Q.むち打ち(頚椎捻挫)で後遺障害14級と,非該当との分かれ道は何ですか。

[むち打ち,後遺障害,疼痛,痛み,自覚症状,14級]

A.

受傷と残存している症状との因果関係が認められて,その症状が医学的に説明がつくことが14級(9号)の前提条件です。
それさえもないと,非該当となると言えます。

1 後遺障害に該当するかは何で判断するのでしょうか。   (クリックすると回答)


むち打ちの14級は自覚症状に対する判断です。
つまり,他覚的な証明ではありません。

そこで調査事務所は,診断書等の書類で判断します。記載内容あるいは記載のわずかな違いが判断を分けることがあります。
というのは,現実には,後遺障害診断書を含む医師の診断書全部と接骨院の施術証明書の記載の仕方が分かれ目となります。

なお,初診と後遺障害診断書作成だけ医療機関に通院して,その間は,接骨院・鍼灸院ではなくて,整体・マッサージでの施術であったという場合には,残念ながら非該当の結論は見えています。

2 受傷と残存している症状との因果関係は,診断書のどこを見るのでしょうか。  (クリックすると回答)


①後遺障害診断書がすべてと思っているのは,大きな勘違い,いや,間違いです。
実は,受傷直後の診断書あるいは施術証明書に傷病名と症状がどう記載されているかが,相当に重要なのです。

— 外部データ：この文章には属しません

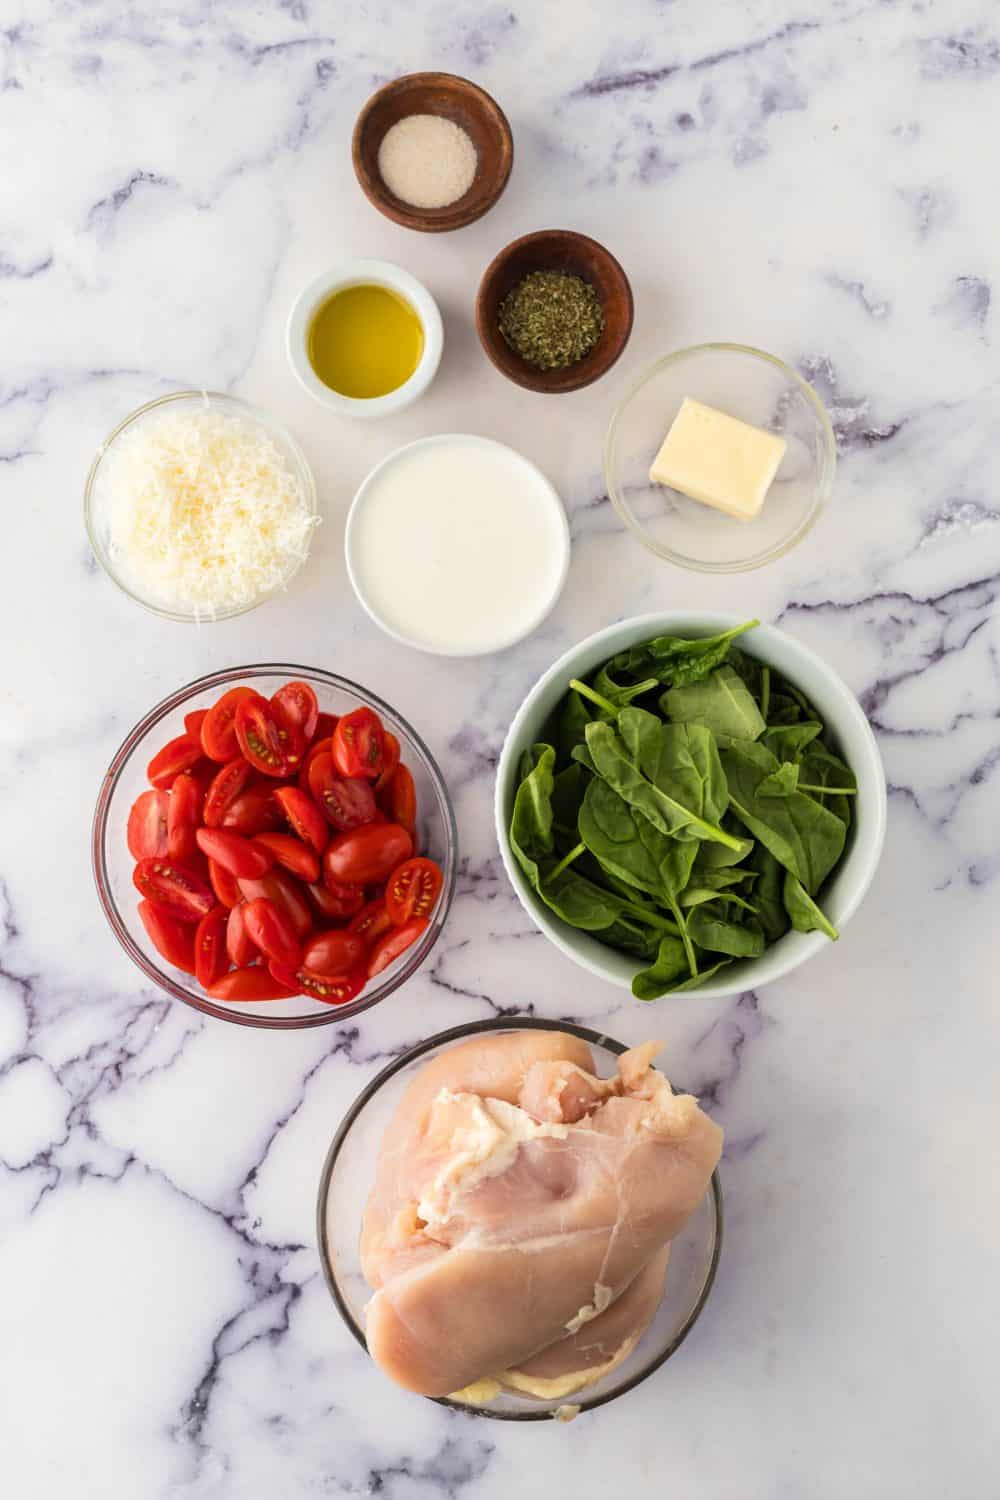 Ingredients for creamy tuscan chicken.

例えば,後遺障害診断書に頚部痛,腰痛,背部痛とあったとしても,頚部痛が初診時になくて例えば受傷後2ヶ月後に出現したと記載があれば,因果関係は否認されます。

②画像(単純レントゲン写真)が撮影されているかが,重要です。この点はこちらを→むち打ち(頚椎捻挫)で画像検査をする意味は何ですか。
骨折・脱臼がないのは分かっているから,そんなの必要はない思ってはいけません。

撮影されていれば,その内容はともなく,痛みを訴えていたことの裏付けになるのです。 ③医療機関への初診日が1週間以内であることです。
10日以上過ぎていると,ほとんど間違いなくアウトです。それは,症状が出たから受診したと調査事務所は考えるからです。
事故直後には痛くなかったから初診が遅れたのだ。つまり,首が痛くなったのは事故とは関係がないと考えます。

3 症状経過では何が重要なのでしょうか。  (クリックすると回答)


症状経過についての一貫性が求められるのです。
自賠責では,14級は痛み(疼痛)が中心です。その痛みについては「常時痛」であることが必要です。

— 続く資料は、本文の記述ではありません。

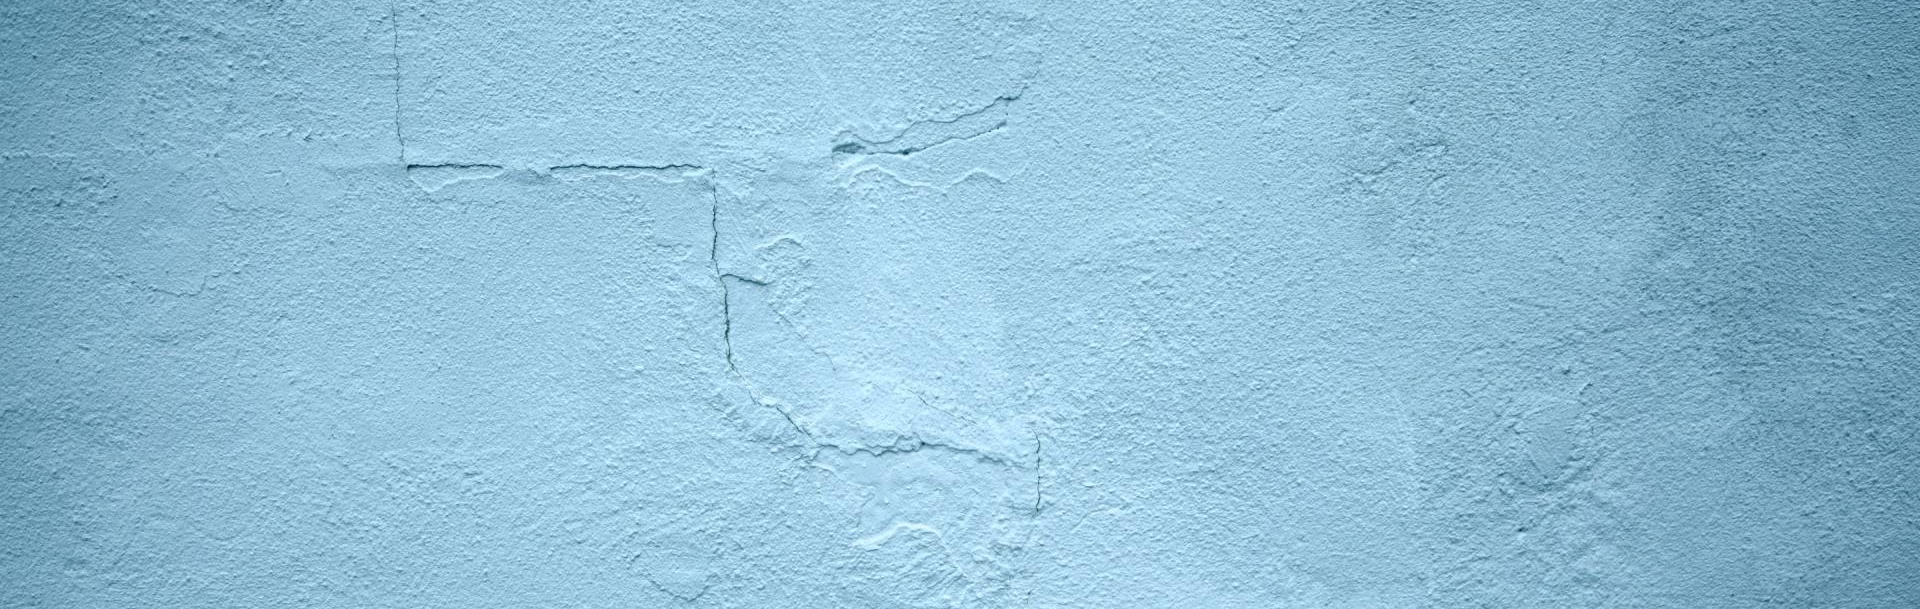 Cracks in a Wall

つまり,動作をしたときに痛むという運動痛(=動作時痛)では,自賠責で言う「痛み」ではないことになります。

さらに,診断書あるいは施術証明書に「改善しつつある」という記載をする例が,ままあります。
診断書,施術証明書に「改善」の文字が入っていると,足下をすくわれる危険があります。
しかも,後遺障害診断書にあれば致命的です。但し,本当に改善しているのであれば後遺障害はないでしょうから問題ありませんが。

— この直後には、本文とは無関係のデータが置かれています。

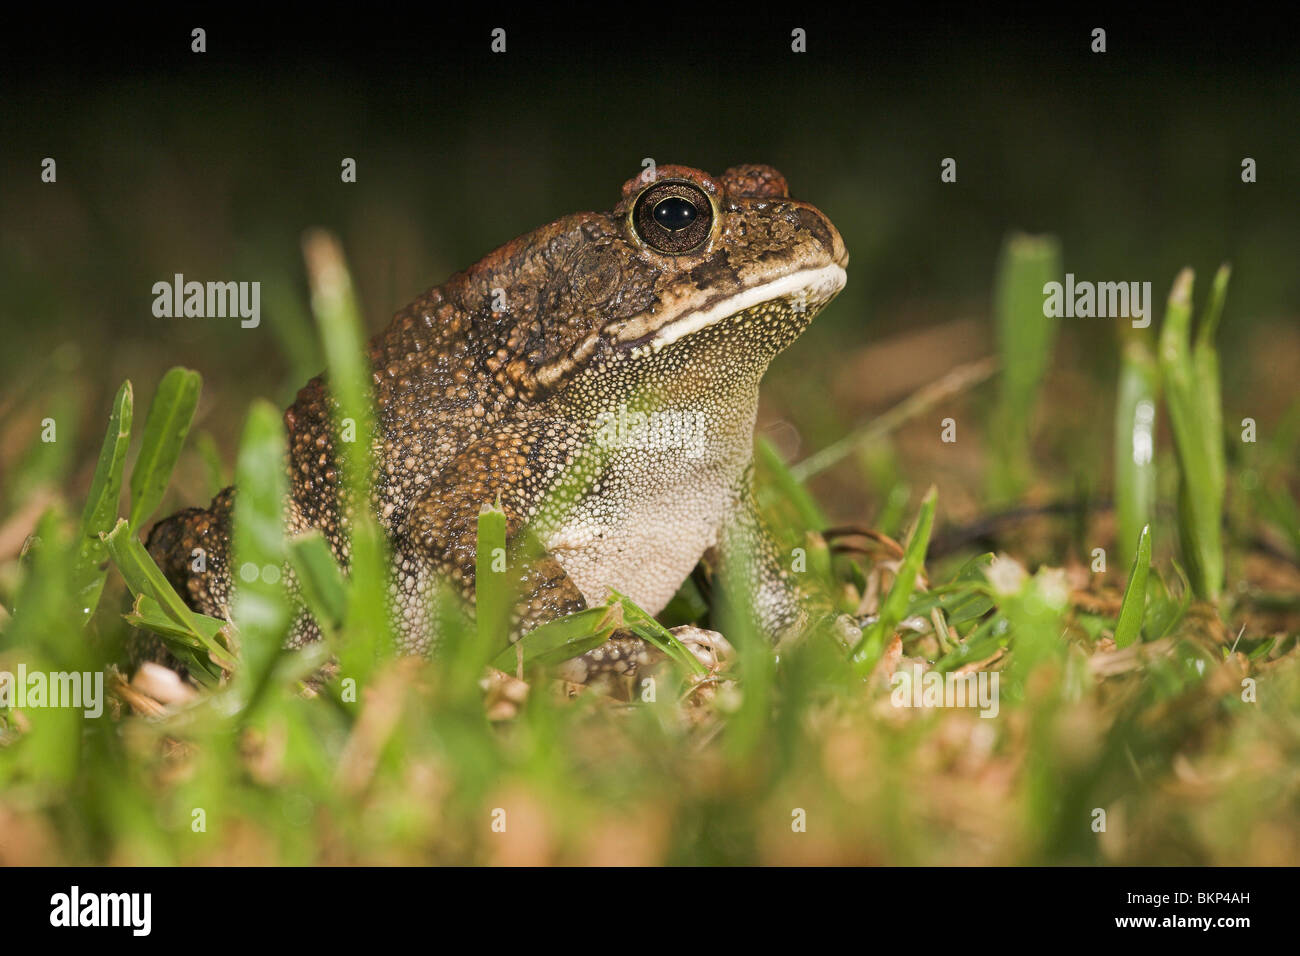 photo of a gutteral toad between green grass after rain during the night Stock Photo

4 治療状況では何が重要なのでしょうか。  (クリックすると回答)


これは,治療の連続性あるいは積極性と言ってもいいでしょう。
毎月1回の治療と15回の治療では,扱いは実際にも異なるのです。

また,1ヶ月の中断があれば,それは自賠責調査事務所は,それで治ったと判断します。
なお,以上は,不必要な治療を勧めているのではありません。
痛みが取れずにいて治療が必要であったにもかかわらず,それを現実にしないでいると,結果的に「損」をすることになるということです。

治療内容も重要です。積極性のある治療がしてあったかどうかです。
どういうことかと言えば,病院で除痛のためにブロック注射等の注射を受けたこと,最低限でも投薬を受けていることが重要です。
湿布薬や痛み止めの貼り薬(例:モーラステープ)ではダメなのです。なお,これも不必要な治療を勧めているのではありません。

そして,治療が6ヶ月未満で終わった場合に,それが保険会社からの打ち切りを受け入れて,健康保険を使って自費で通院をしなかったと言うことであったとしても,後遺障害が認定される可能性は,ほとんどないと言うべきです。
治療が6ヶ月未満で終わった場合には,後遺障害が残る程度の症状ではなかったものだと判断されてしまうからです。